═════ DATASET EXCERPT ═════

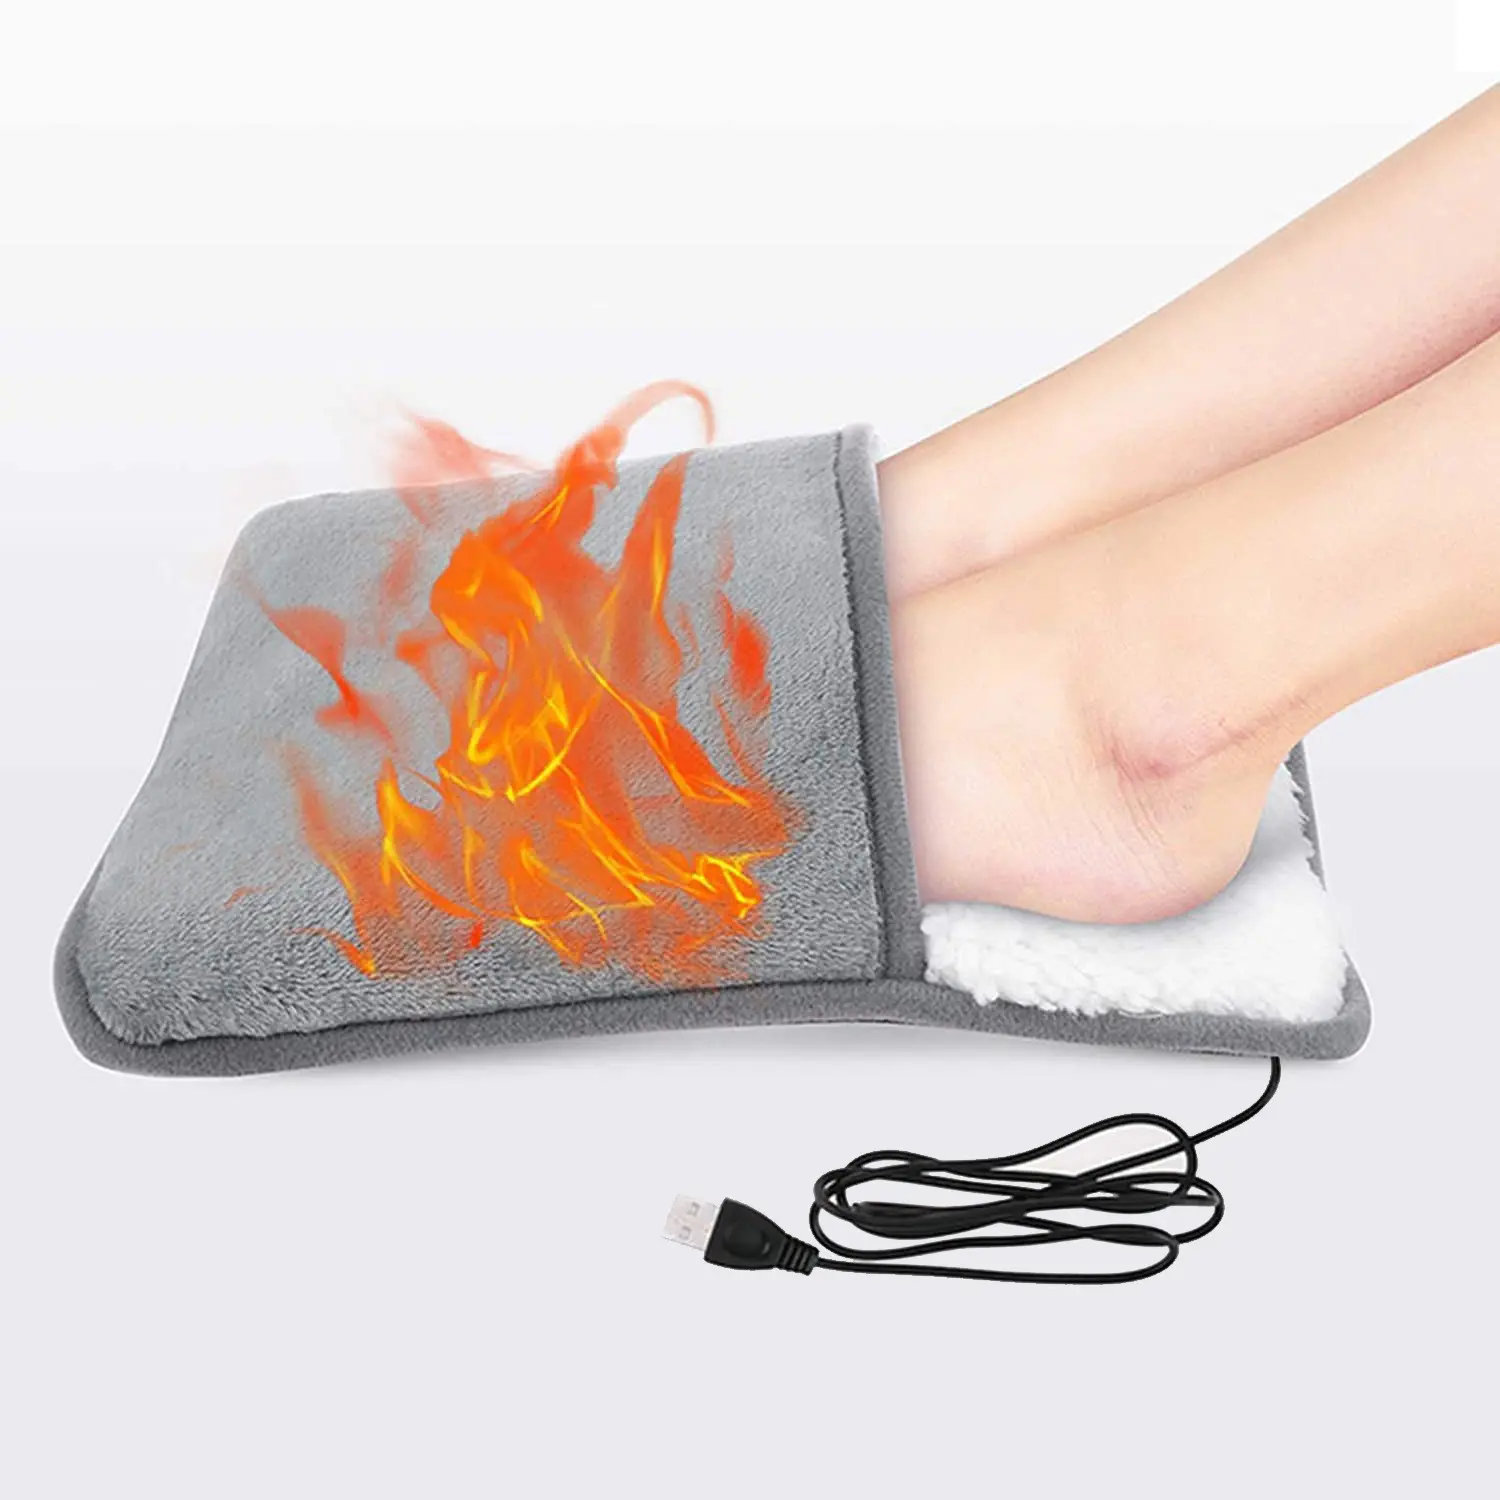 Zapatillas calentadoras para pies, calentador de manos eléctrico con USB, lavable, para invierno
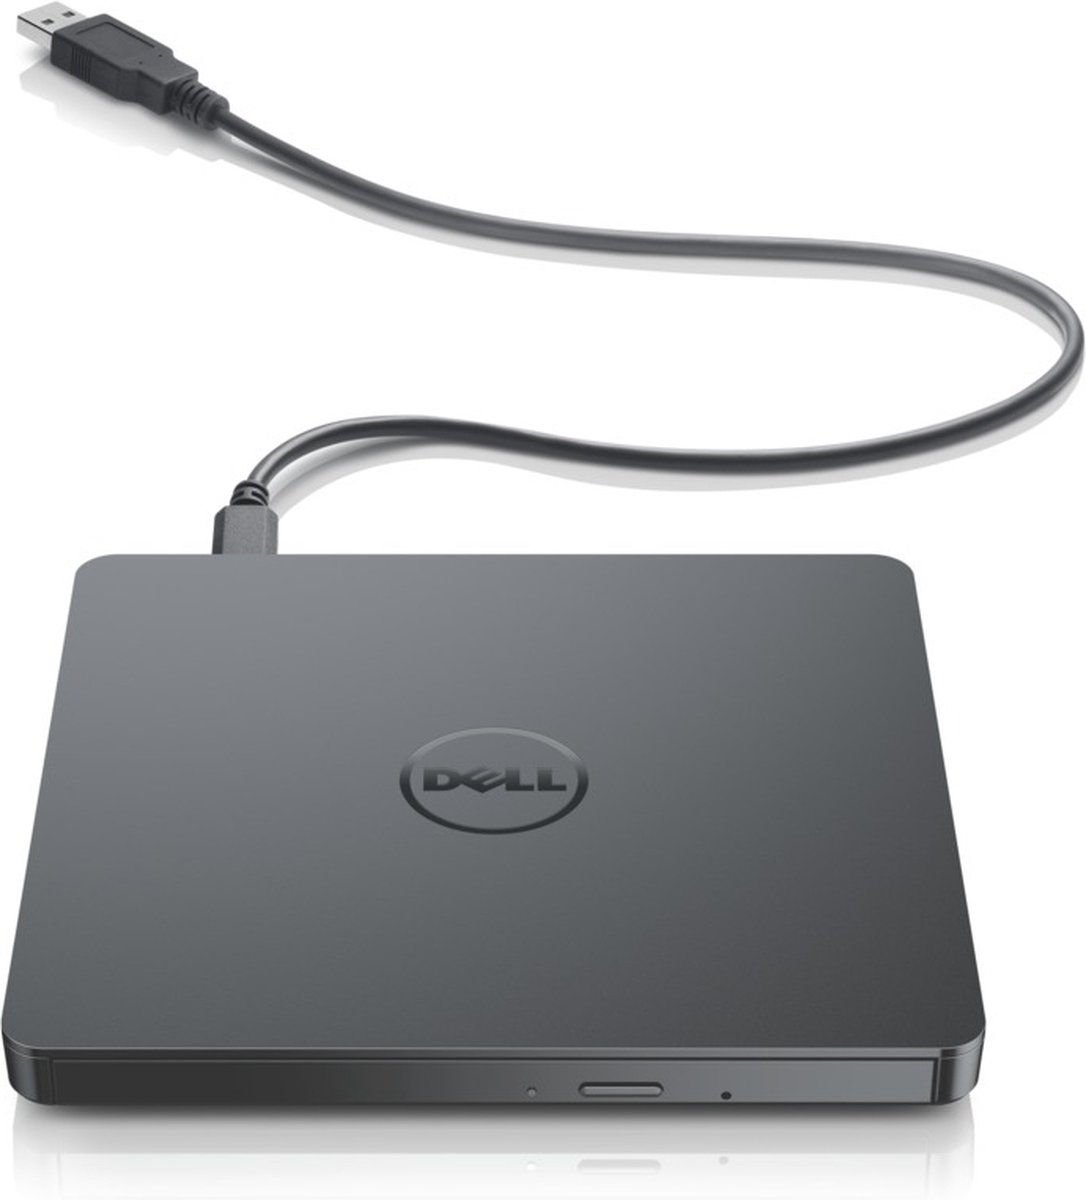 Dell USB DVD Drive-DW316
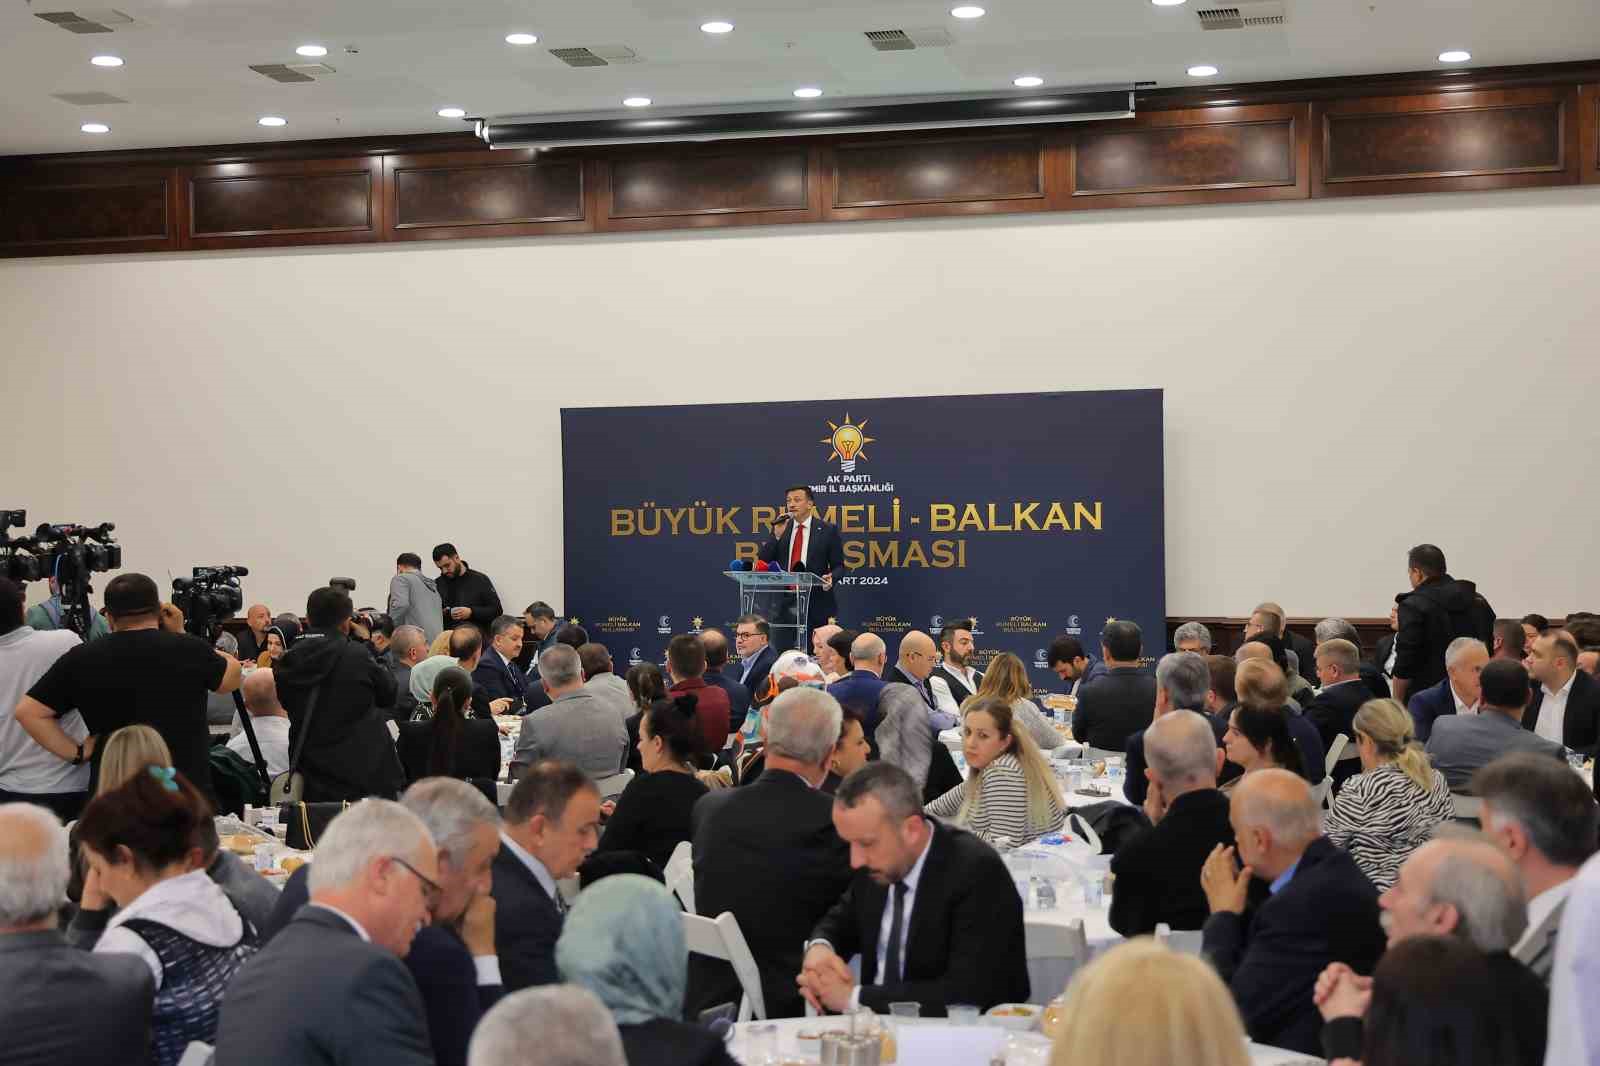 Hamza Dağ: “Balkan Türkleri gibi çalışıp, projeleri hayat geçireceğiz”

═════

EXERCISE REQUIREMENTS -
With images omitted, output the data exactly as given.

YOUR RESPONSE -
 Zapatillas calentadoras para pies, calentador de manos eléctrico con USB, lavable, para invierno
 Dell USB DVD Drive-DW316
 Hamza Dağ: “Balkan Türkleri gibi çalışıp, projeleri hayat geçireceğiz”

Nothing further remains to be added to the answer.